Focal to bilateral seizures activate the corpus callosum. (A) The proposed model of focal to bilateral seizures, where black arrows indicate seizure spread across the corpus callosum and to the thalamus, while a white circle in the right cortex indicates the seizure focus. (B) The corpus callosum strongly expressed tdTomato after focal to bilateral tonic‐clonic seizures. (C) SP8 super‐resolution Lightning microscopy images tdTomato positive axons expressing myelin basic protein (MBP; green) in the corpus callosum. (D) Strong activation of layers 2 and 3 in the right and left cortex, immunolabeled for CTIP2 (green) that marks layers 5 and 6, separating superficial from deep cortical layers. (E) Steel wire implanted control mice without seizures did not express tdTomato in the corpus callosum.

FIGURE 6

The seizure focus sends extensive direct projections across the corpus callosum contralaterally. (A) The tdTomato and AAV9 GFP colocalized in the axons of the corpus callosum that connects the seizure focus with the contralateral premotor cortex.

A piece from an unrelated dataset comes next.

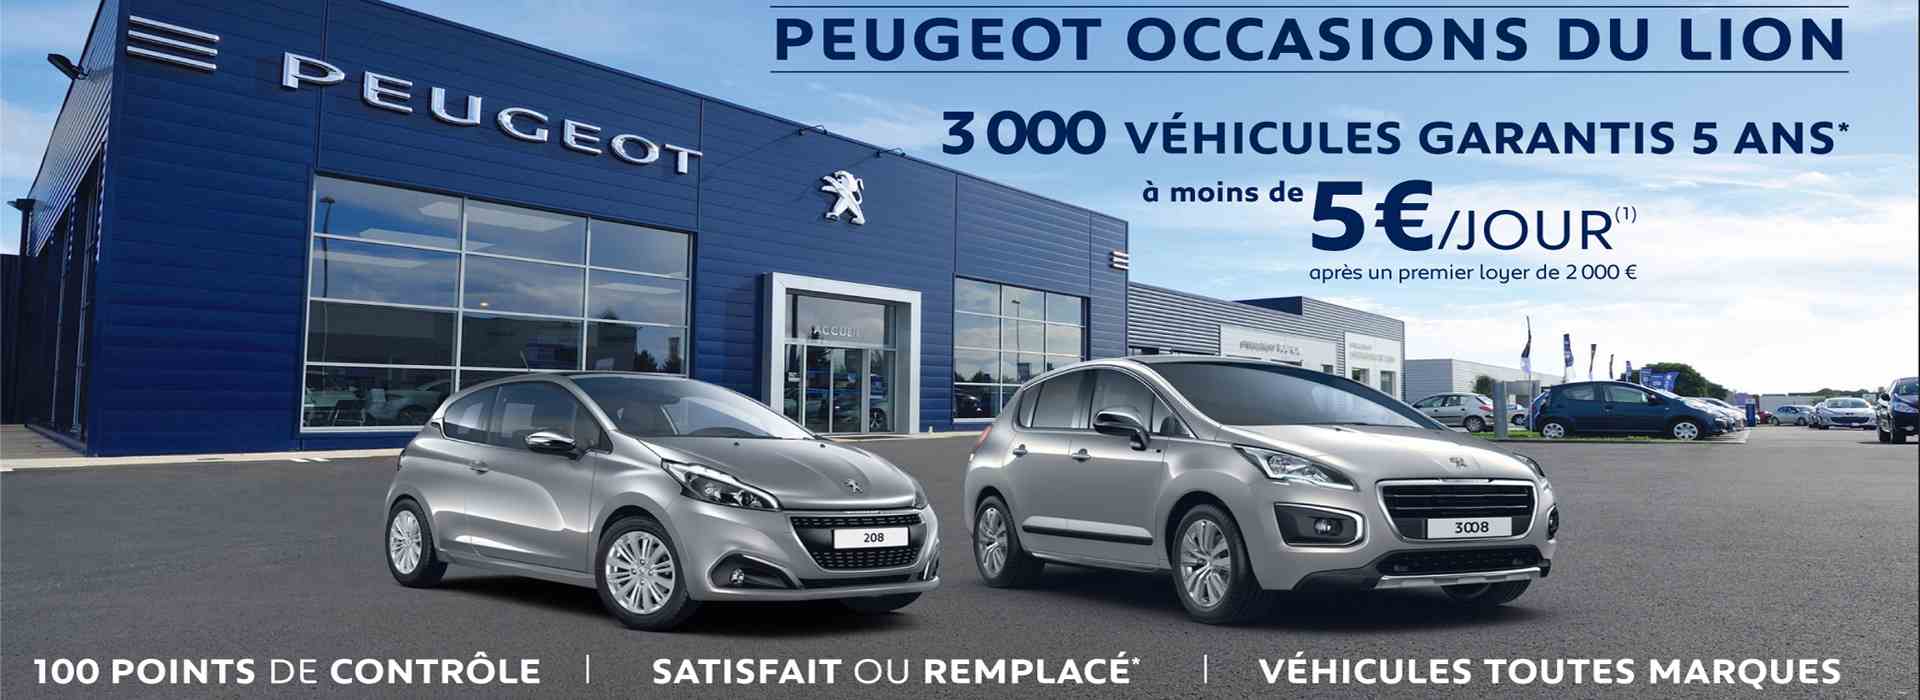 Offre Peugeot Occasions du Lion
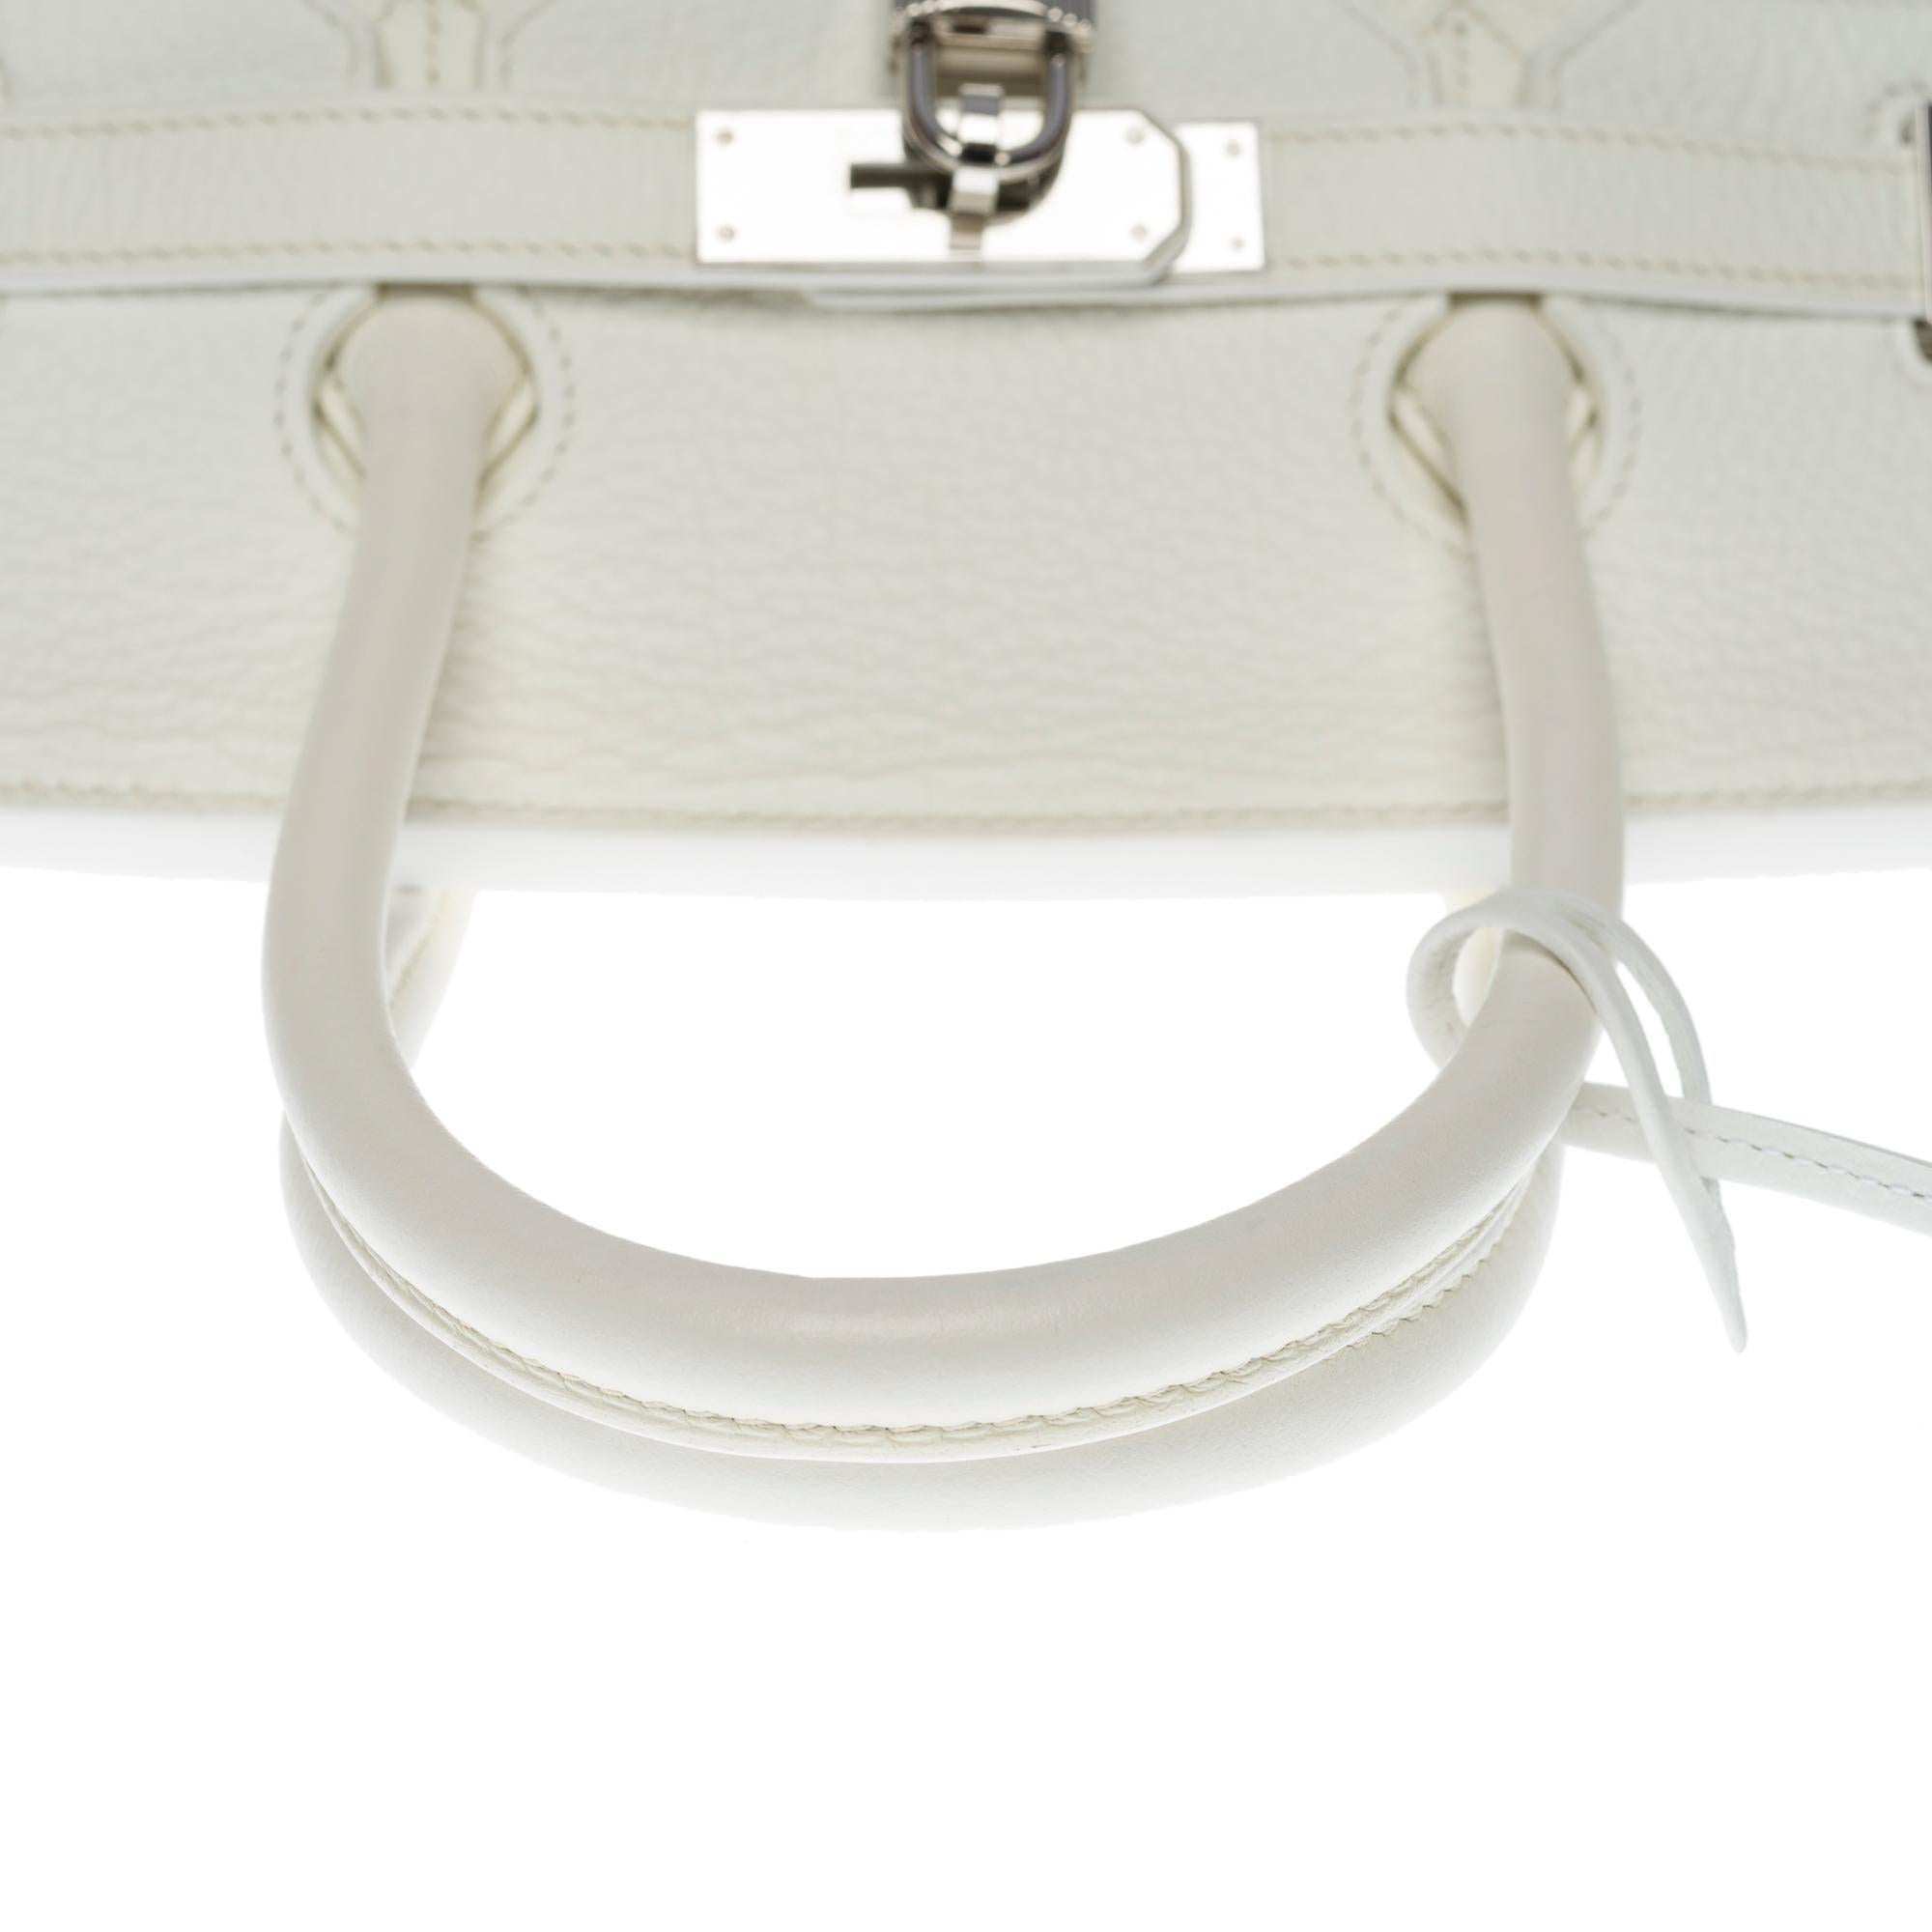 Stunning Hermès Birkin 35 handbag in white Togo leather, SHW 5

The white rectangle area is magnified on the right. (B) Top: A confocal image of Cre‐driven AAV9 GFP expression in the corpus callosum of TRAP2 mice. Middle: Super‐resolution SoRa image of the callosal axons expressing Cre‐driven AAV9 GFP with a magnified view.

FIGURE 7

Anterior callosotomy prevents bilateral seizure spread. (A) Sequential light images of the coronal sections show callosotomy (red arrows, magnified views) from anterior to posterior cortex (A–F, relative brain locations in B). (B) A schematic of the callosotomy, sagittal view, illustrates knife placement (red), cut genu of the corpus callosum (gcc), and uncut splenium (scc). (C) Cobalt and EEG electrodes (red dots) were positioned in the right and left anterior and posterior cortices. (D) EEG of a seizure that was recorded in mice without callosotomy. Red arrows indicate seizure onset. (E) Representative EEG of a first seizure that was recorded after callosotomy in mice with cut genu with no seizure recorded in the left premotor cortex (red rectangle). (F) Onset oflater seizures was delayed in mice with cut genu. (G) Light image of the callosotomy where only the body of the corpus callosum was cut and the genu remained intact (red arrow). (H) Seizure onset delay (seconds) in the left premotor cortex (L ctx) after callosotomy in mice with cut genu (green) and in mice with body callosotomy and intact genu (red). (I) Mice with body callosotomy and intact genu had immediate seizure onset in the left premotor cortex just like the mice without callosotomy. EEG = electroencephalography.